AIxBio looks pretty bad and it would be great to see more people work on it

  • We're pretty close to having a country of virologists in a data center with AI models that can give detailed and accurate instructions for all steps of a biological attack — with recent reasoning models, we might have this already
  • These models have safeguards but they're trivial to overcome — Pliny the Liberator manages to jailbreak every new model within 24 hours and open sources the jailbreaks
  • Open source will continue to be just a few months behind the frontier given distillation and amplification, and these can be fine-tuned to remove safeguards in minutes for less than $50
  • People say it's hard to actually execute the biology work, but I don't see any bottlenecks to bioweapon production that can't be done by a bio undergrad with limitless scientific knowledge; on my current understanding, the bottlenecks are not manual dexterity bottlenecks like playing a violin which require years of practice, they are knowledge bottlenecks
  • Bio supply chain controls that make it harder to get ingredients aren't working and aren't on track to work
  • So it seems like we're very close to democratizing (even bespoke) bioweapons. When I talk to bio experts about this they often reassure me that few people want to conduct a biological attack, but I haven't seen much analysis on this and it seems hard to be highly confident.
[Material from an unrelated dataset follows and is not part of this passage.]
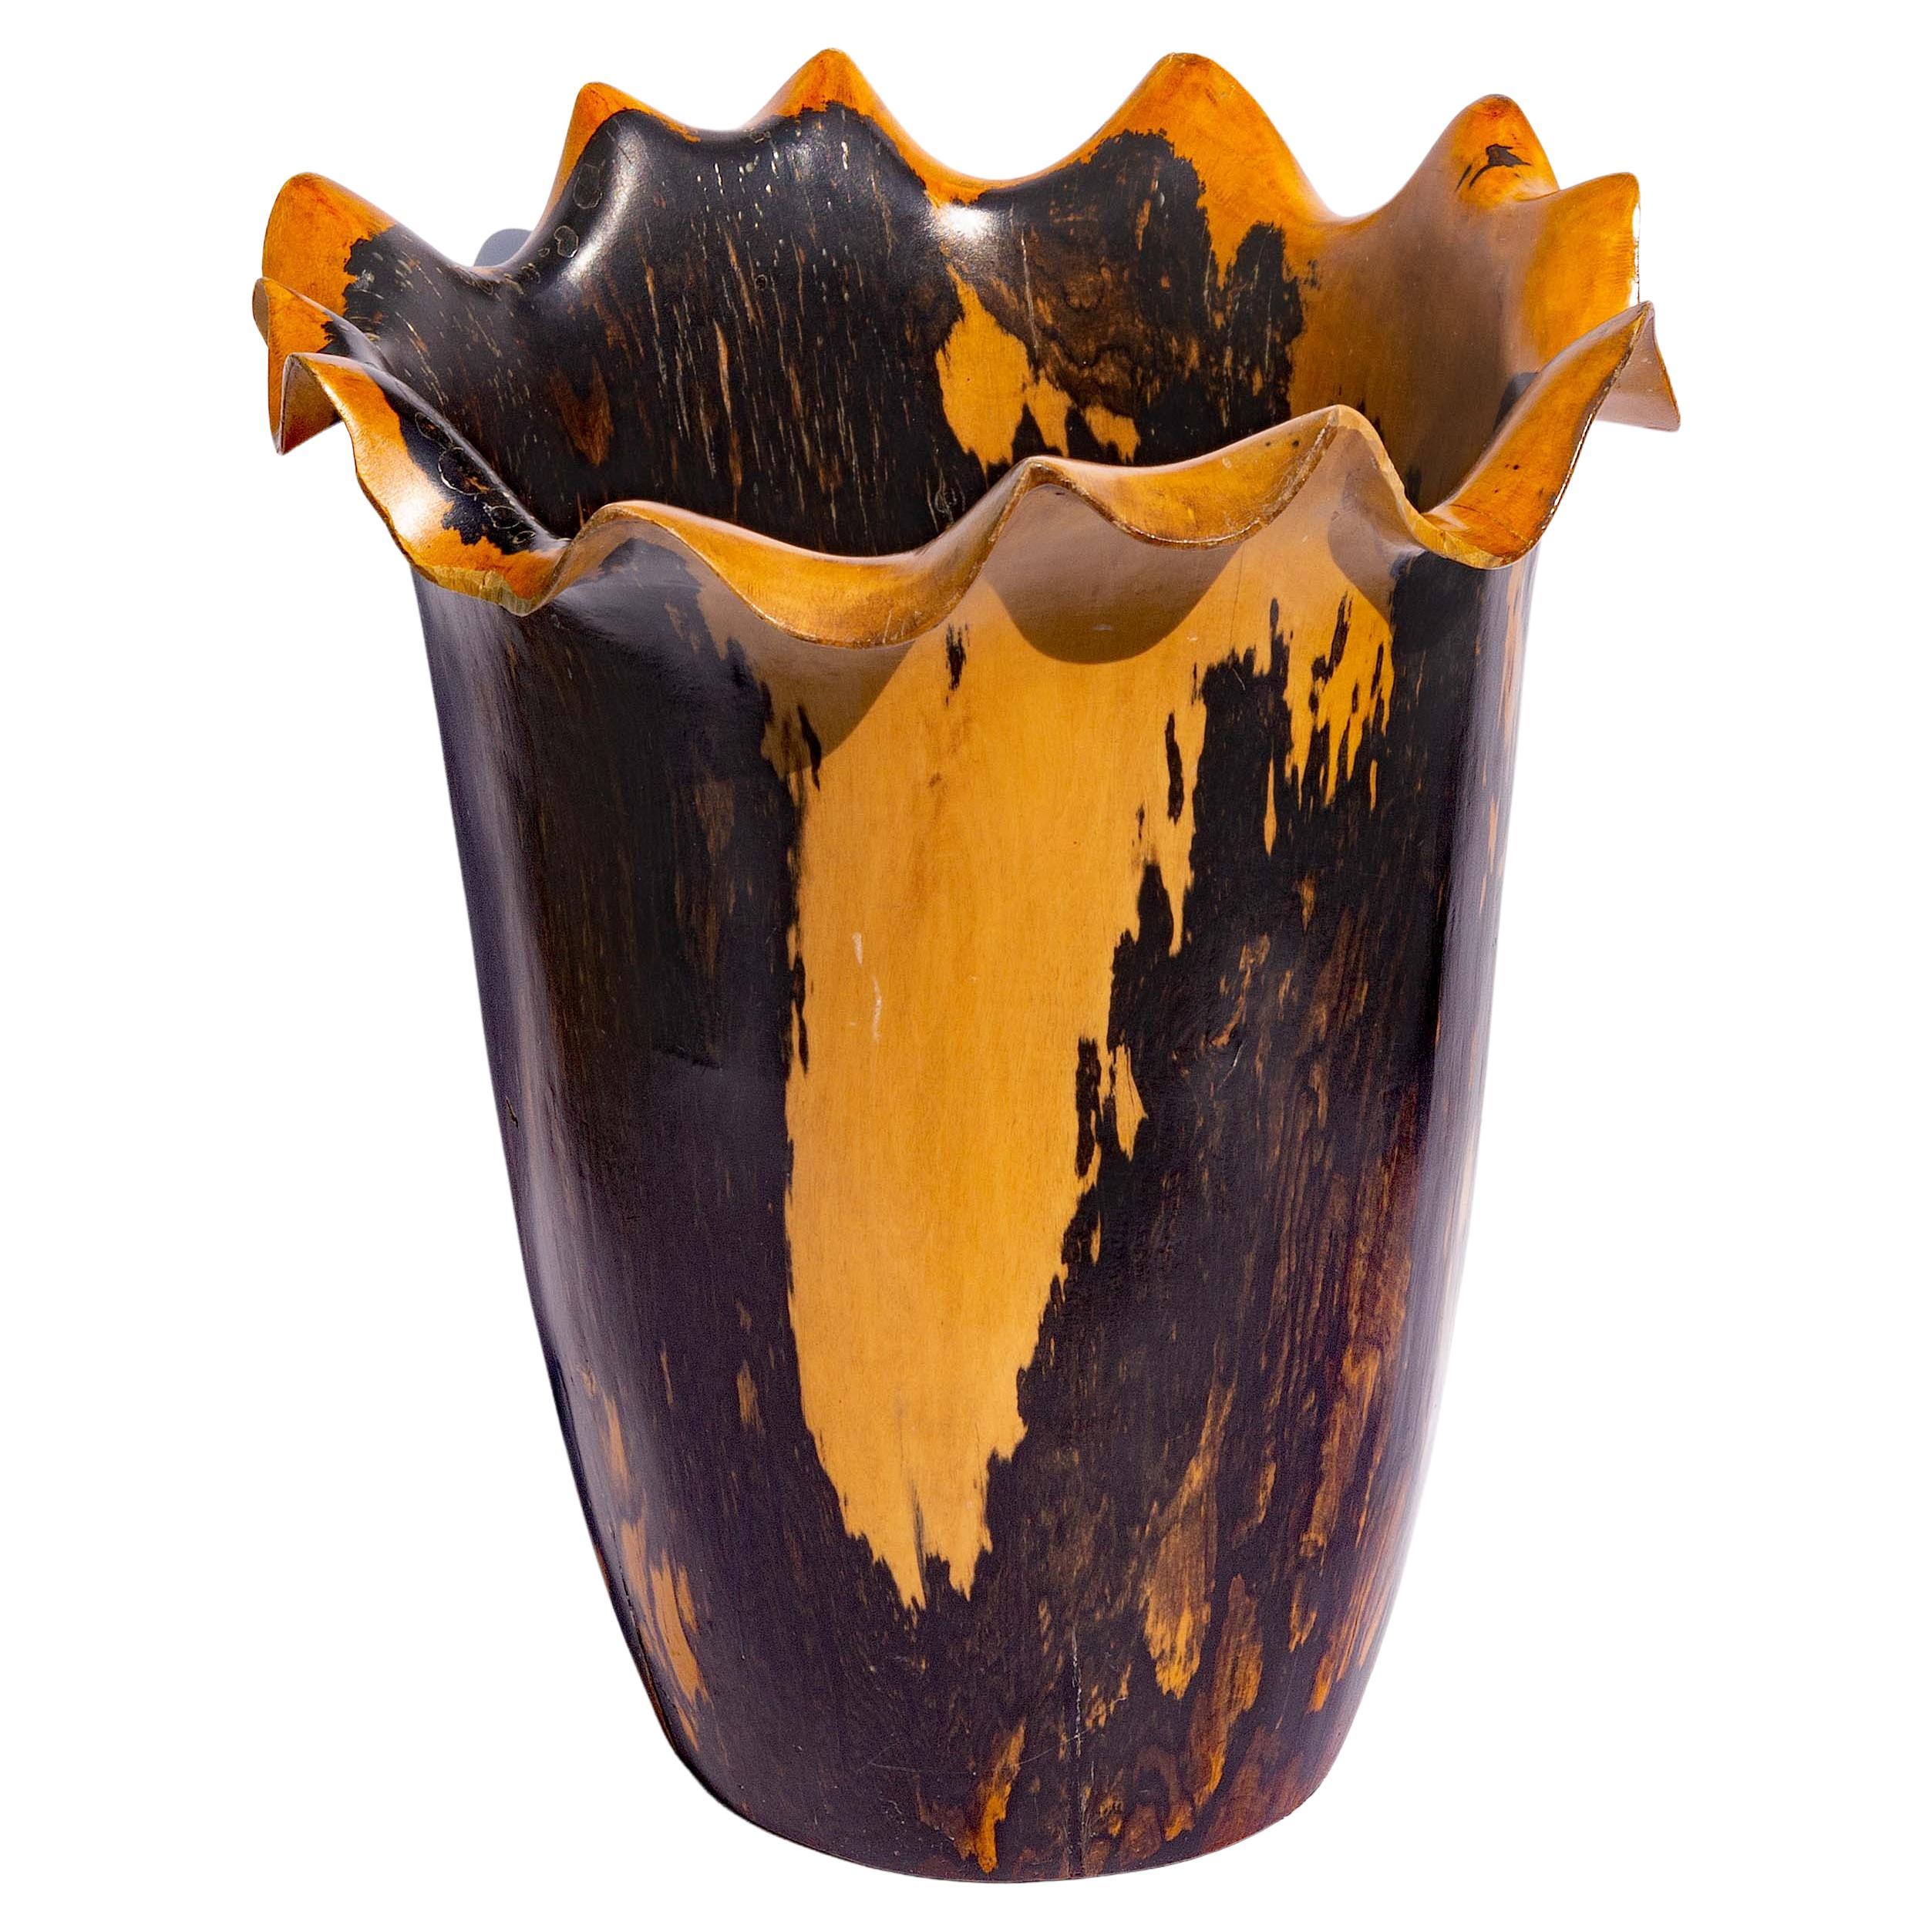 Cocobolo Vases and Vessels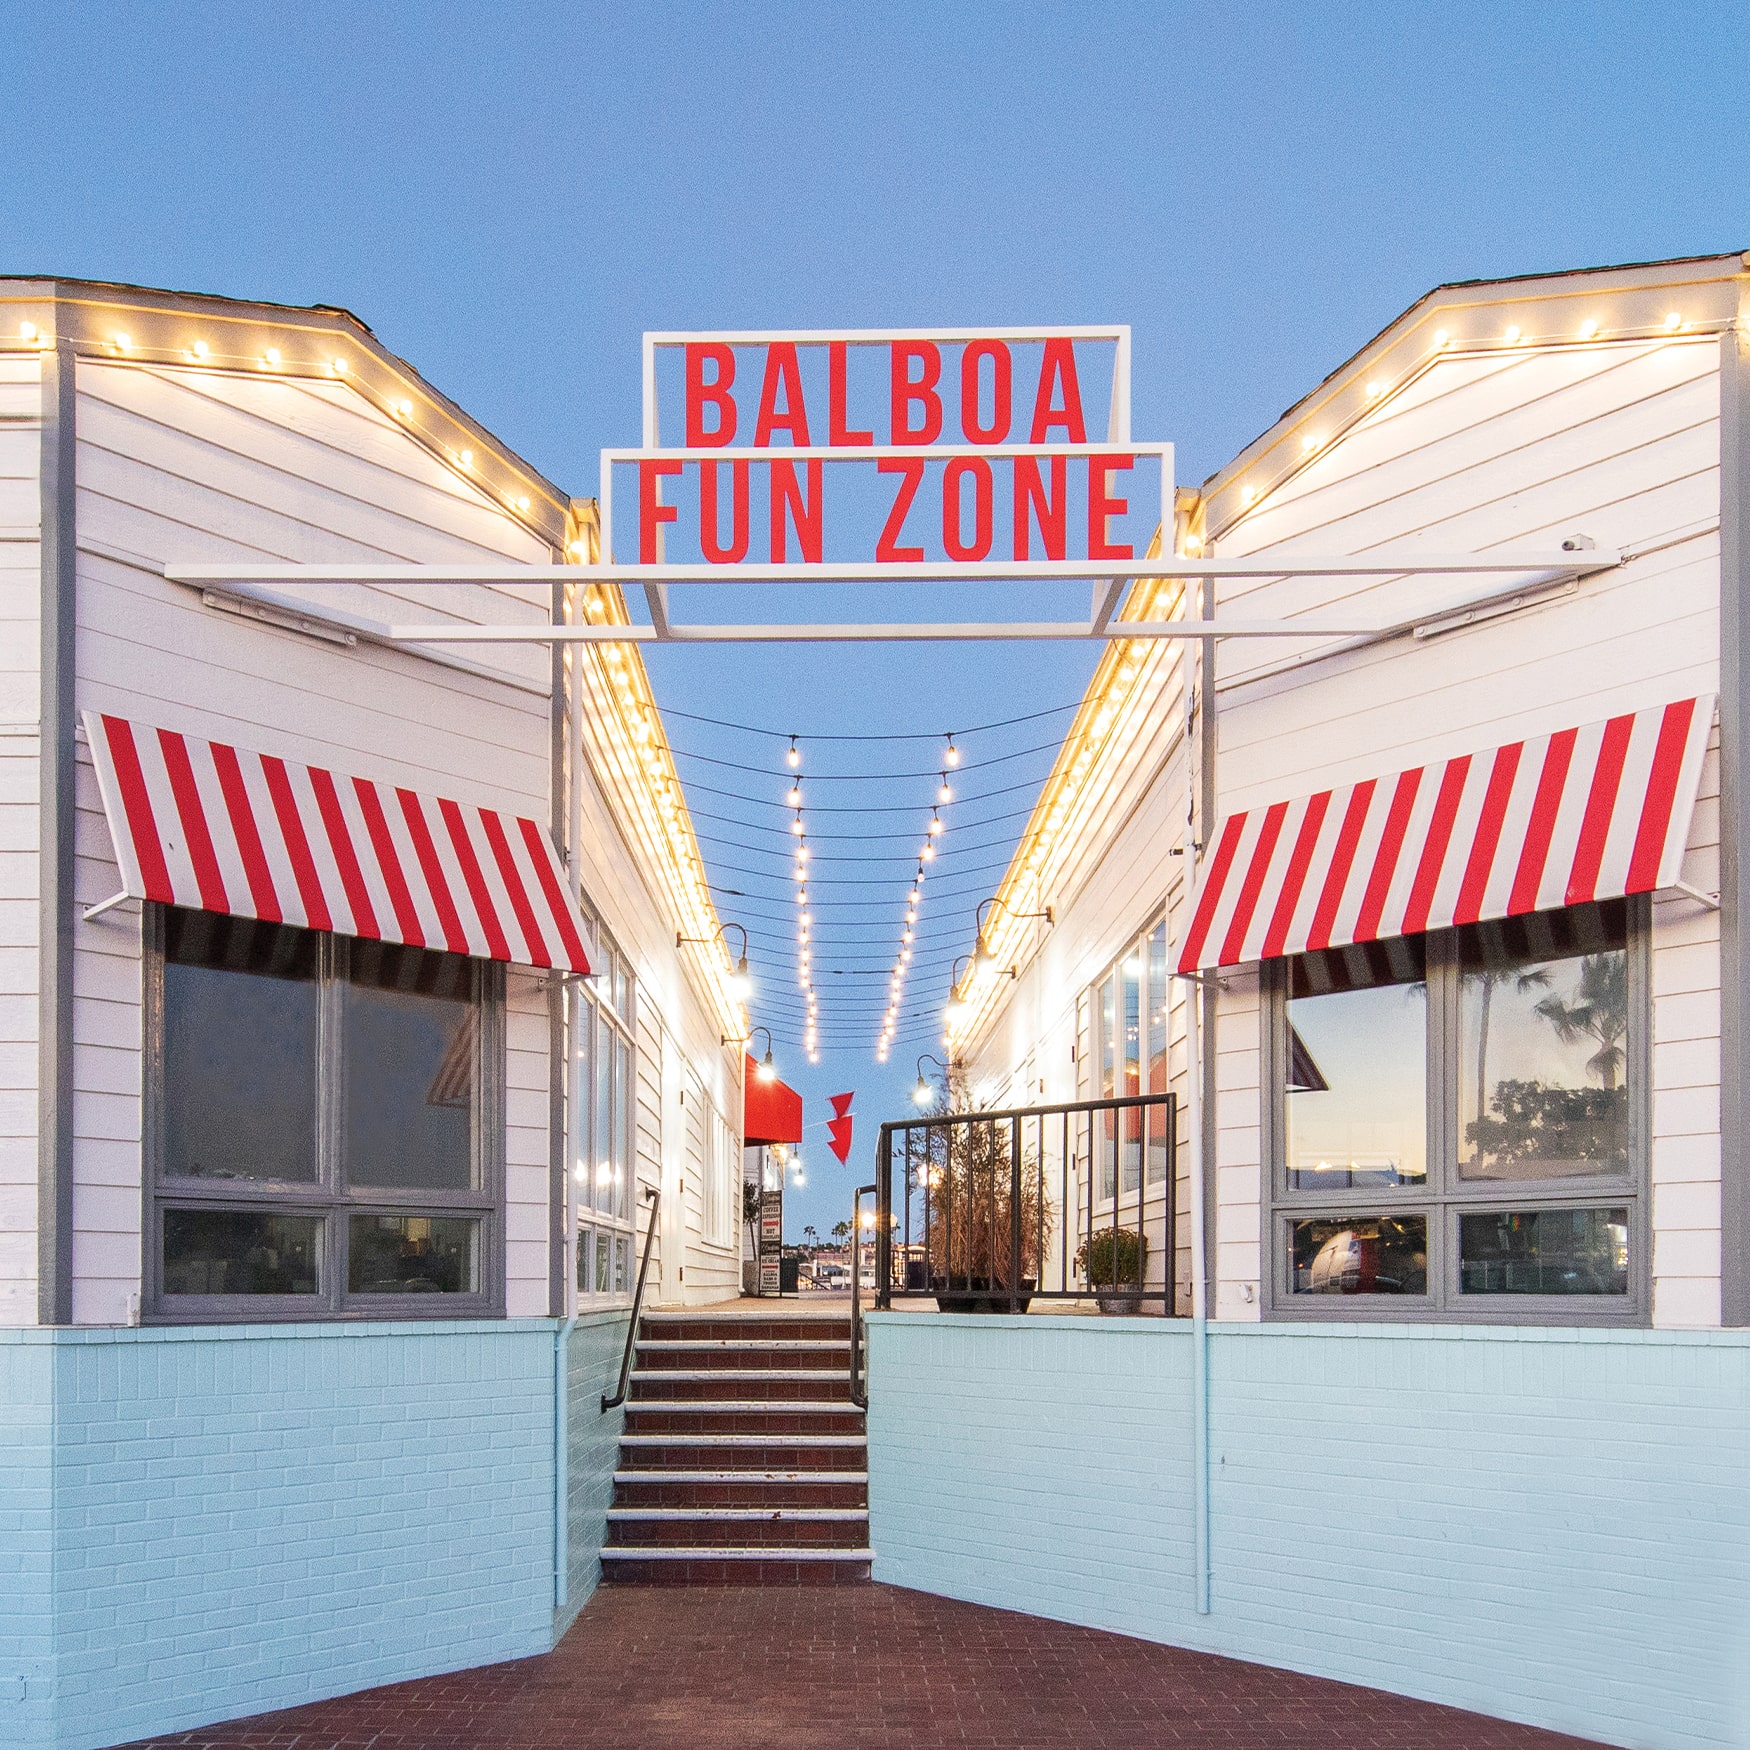 Overhead monument bold red lettering signage for Balboa Fun Zone in Newport Beach, California.

While we gear up for a bioweapon democracy it seems that there are very few people working on worst-case bio, and most of the people working on it are working on access controls and evaluations. But I don't expect access controls to succeed, and I expect evaluations to mostly be useful for scaring politicians, due in part to the open source issue meaning we just can't give frontier models robust safeguards. The most likely thing to actually work is biodefense.

I suspect that too many people working on GCR have moved into working on AI alignment and reliability issues and too few are working on bio. I suspect there are bad incentives, given that AI is the new technology frontier and working with AI is good career capital, and given that AI work is higher status.

When I talk to people at the frontier of biosecurity, I learn that there's a clear plan and funding available, but the work is bottlenecked by entrepreneurial people who can pick up a big project and execute on it autonomously — these people don't even need a bio background. On my current guess, the next 3-5 such people who are ambivalent about what to do should go into bio rather than AI, in part because AI seems to be more bottlenecked by less generalist skills, like machine learning, communications, and diplomacy.

I think the main reasons that EAs are working on AI stuff over bio stuff is that there aren't many good routes into worst case bio work afaict largely due to infohazard concerns from field building, and the x-risk case for biorisk not being very compelling (maybe due to infohazard concerns around threat models).

I think these are fair points, I agree the info hazard stuff has smothered a lot of talent development and field building, and I agree the case for x-risk from misaligned advanced AI is more compelling. At the same time, I don't talk to a lot of EAs and people in the broader ecosystem these days who are laser focused on extinction over GCR, that seems like a small subset of the community. So I expect various social effects, making a bunch more money, and AI being really cool and interesting and fast-moving are probably a bigger deal than x-risk compellingness simpliciter. Or at least they have had a bigger effect on my choices!

But insufficiently successful talent development / salience / comms is probably the biggest thing, I agree.

can you spell out the clear plan? feel free to DM me also

Yup! The highest level plan is in Kevin Esvelt's "Delay, Detect, Defend": use access controls and regulation to delay worst-case pandemics, build a nucleic acid observatory and other tools to detect amino acid sequences for superpandemics, and defend by hardening the world against biological attacks.

The basic defense, as per DDD, is:

  • Develop and distribute adequate PPE to all essential workers
  • Make sure the supply chain is robust to ensure that essential workers can distribute food and essential supplies in the event of a worst-case pandemic
  • Environmental defenses like far-UVC that massively reduce the spread and replication rate of pandemic pathogens

IMO "delay" has so far basically failed but "detect" has been fairly successful (though incompletely). Most of the important work now needs to rapidly be done on the "defend" side of things.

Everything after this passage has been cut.